Entries supplied>
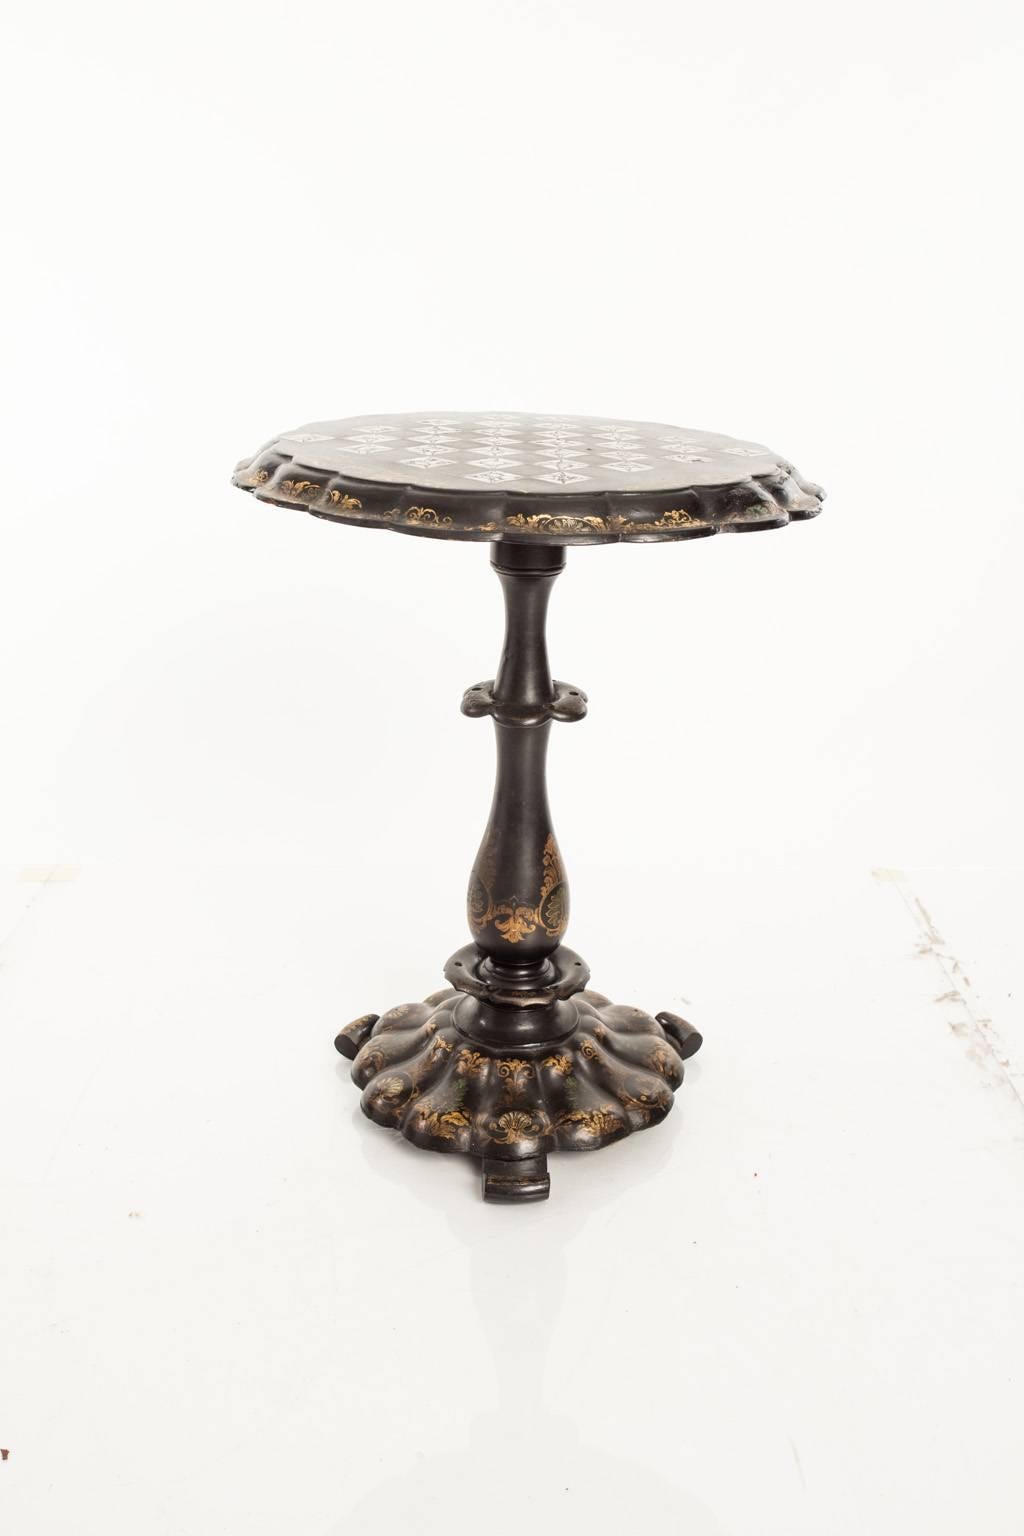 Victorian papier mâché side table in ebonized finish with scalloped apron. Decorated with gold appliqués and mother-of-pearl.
* * *
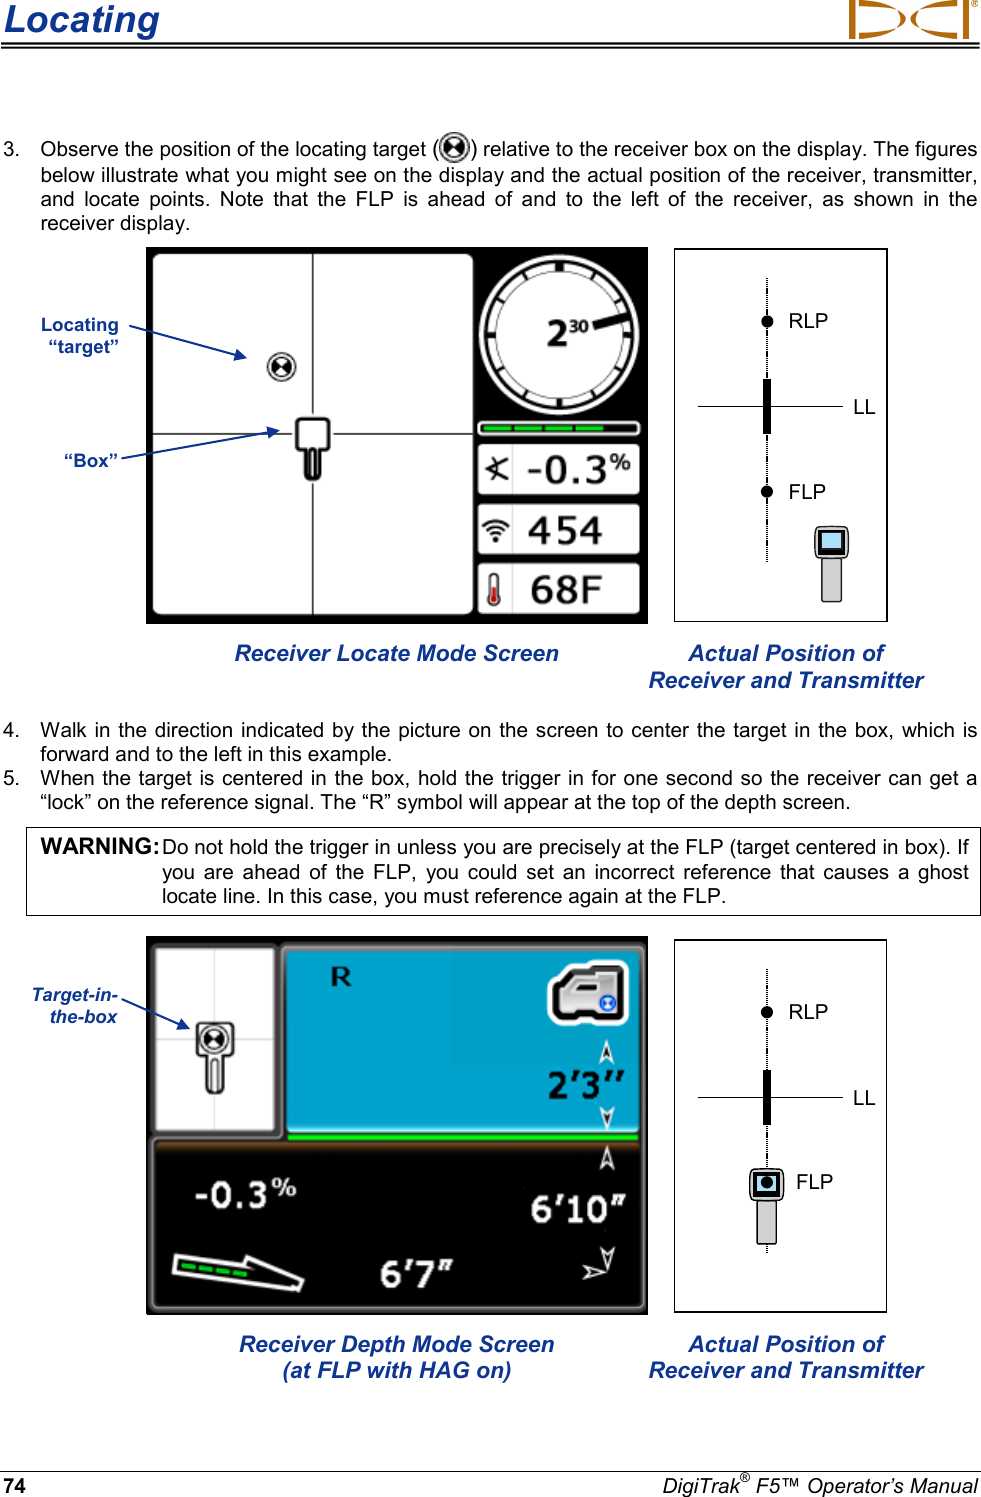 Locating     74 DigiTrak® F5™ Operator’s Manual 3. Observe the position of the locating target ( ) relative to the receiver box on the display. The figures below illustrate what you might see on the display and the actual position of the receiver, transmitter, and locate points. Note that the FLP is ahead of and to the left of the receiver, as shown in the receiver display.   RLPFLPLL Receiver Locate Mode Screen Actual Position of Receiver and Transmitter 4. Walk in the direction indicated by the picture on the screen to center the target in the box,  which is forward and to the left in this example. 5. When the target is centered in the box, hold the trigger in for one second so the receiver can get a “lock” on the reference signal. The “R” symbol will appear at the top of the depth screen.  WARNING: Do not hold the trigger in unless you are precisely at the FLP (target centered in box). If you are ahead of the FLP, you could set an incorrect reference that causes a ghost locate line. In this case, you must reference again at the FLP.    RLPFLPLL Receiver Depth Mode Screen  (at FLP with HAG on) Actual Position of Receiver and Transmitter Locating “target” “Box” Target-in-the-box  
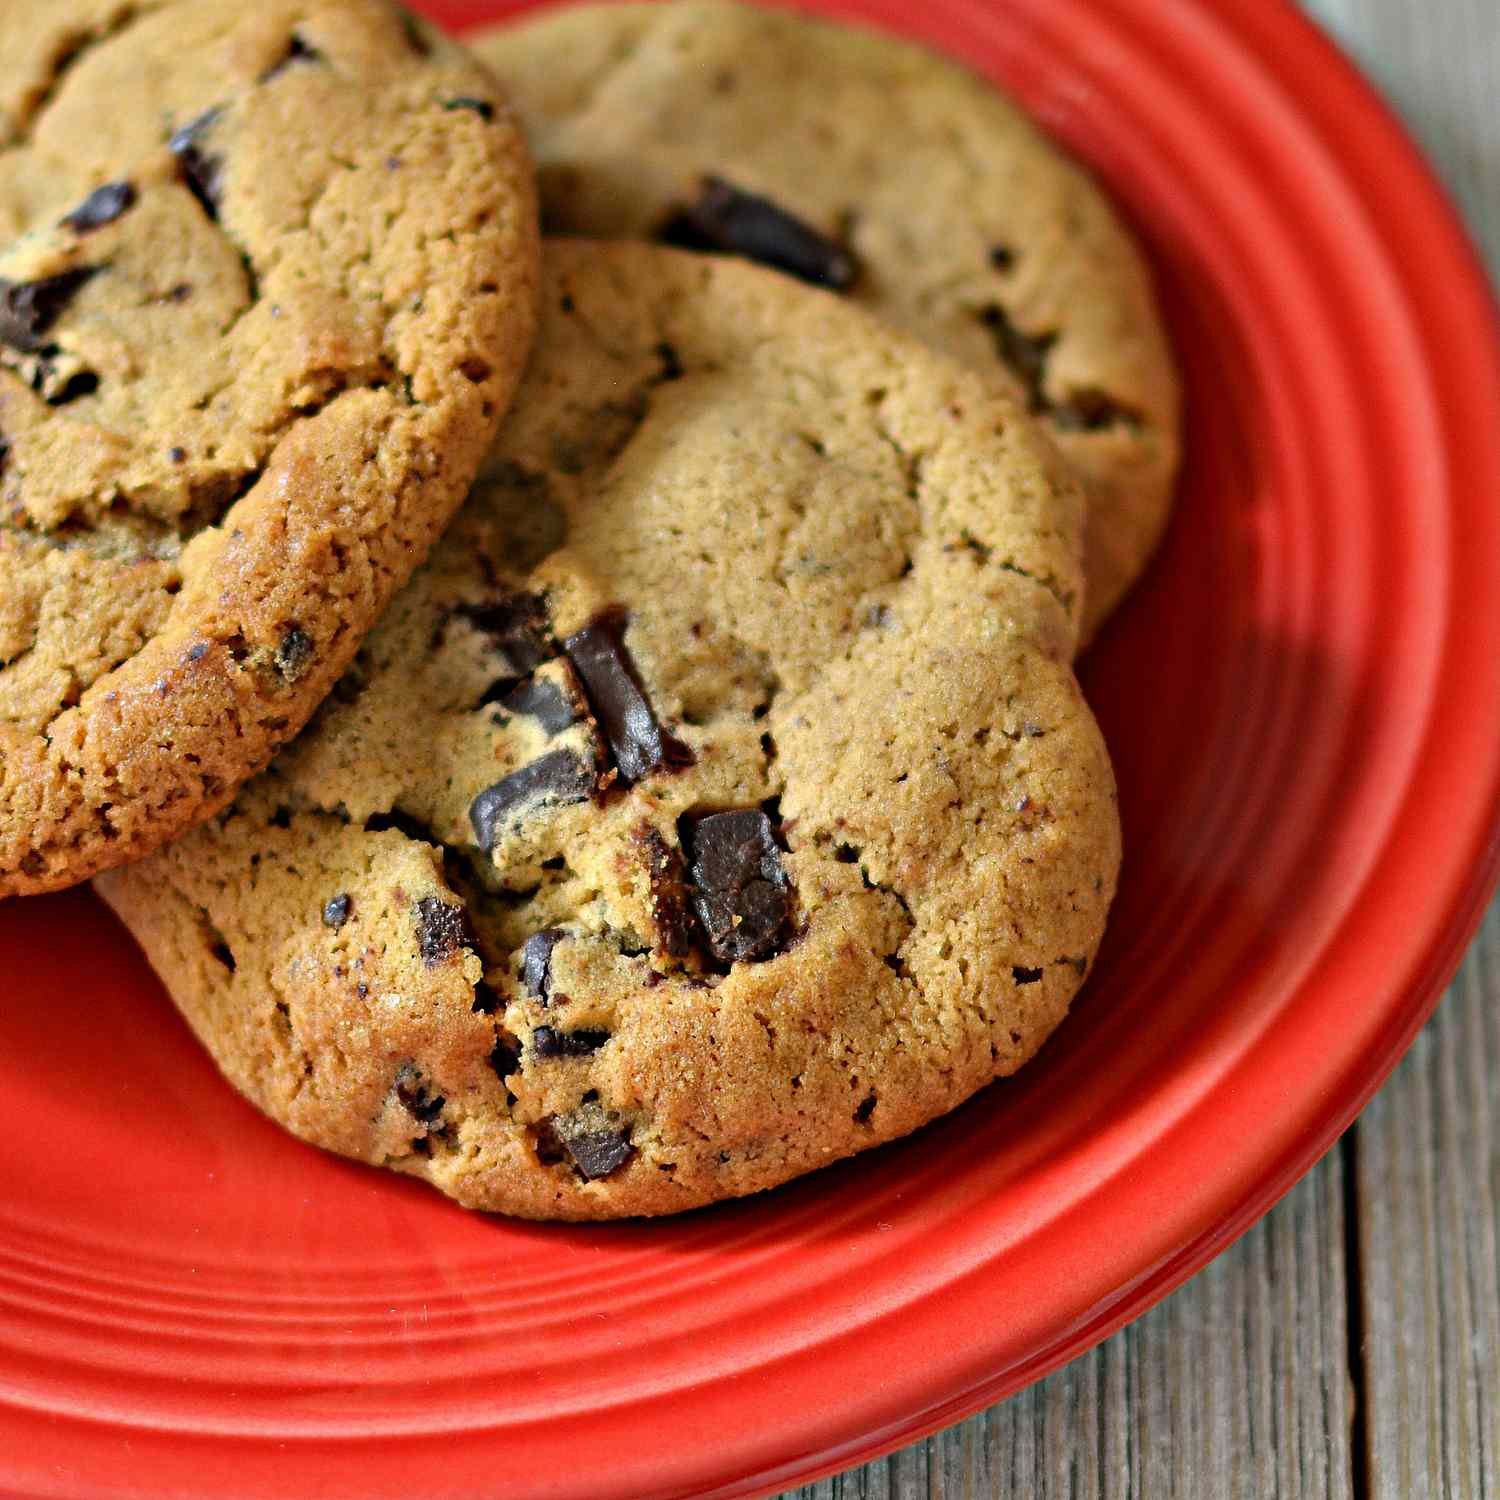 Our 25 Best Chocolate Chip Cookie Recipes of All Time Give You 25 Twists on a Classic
==
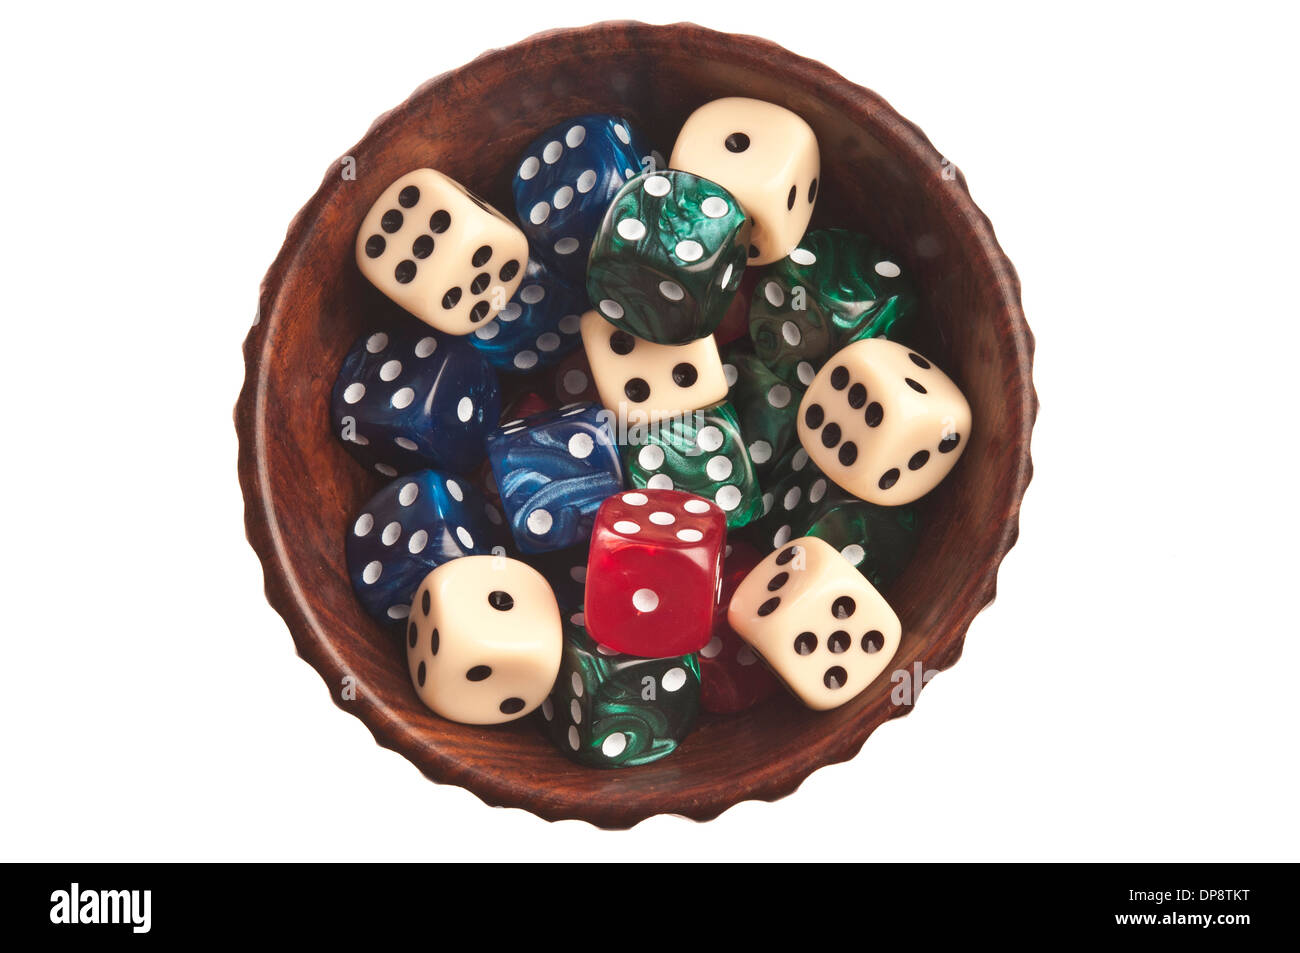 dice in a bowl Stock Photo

Task description> Nothing except the lines from the one containing "74 DigiTrak® F5™" through the one containing "Our 25 Best" should appear in the answer, exactly as above and without pictures.

Exercise output>
 Locating     74 DigiTrak® F5™ Operator’s Manual 3. Observe the position of the locating target ( ) relative to the receiver box on the display. The figures below illustrate what you might see on the display and the actual position of the receiver, transmitter, and locate points. Note that the FLP is ahead of and to the left of the receiver, as shown in the receiver display.   RLPFLPLL Receiver Locate Mode Screen Actual Position of Receiver and Transmitter 4. Walk in the direction indicated by the picture on the screen to center the target in the box,  which is forward and to the left in this example. 5. When the target is centered in the box, hold the trigger in for one second so the receiver can get a “lock” on the reference signal. The “R” symbol will appear at the top of the depth screen.  WARNING: Do not hold the trigger in unless you are precisely at the FLP (target centered in box). If you are ahead of the FLP, you could set an incorrect reference that causes a ghost locate line. In this case, you must reference again at the FLP.    RLPFLPLL Receiver Depth Mode Screen  (at FLP with HAG on) Actual Position of Receiver and Transmitter Locating “target” “Box” Target-in-the-box  
 Our 25 Best Chocolate Chip Cookie Recipes of All Time Give You 25 Twists on a Classic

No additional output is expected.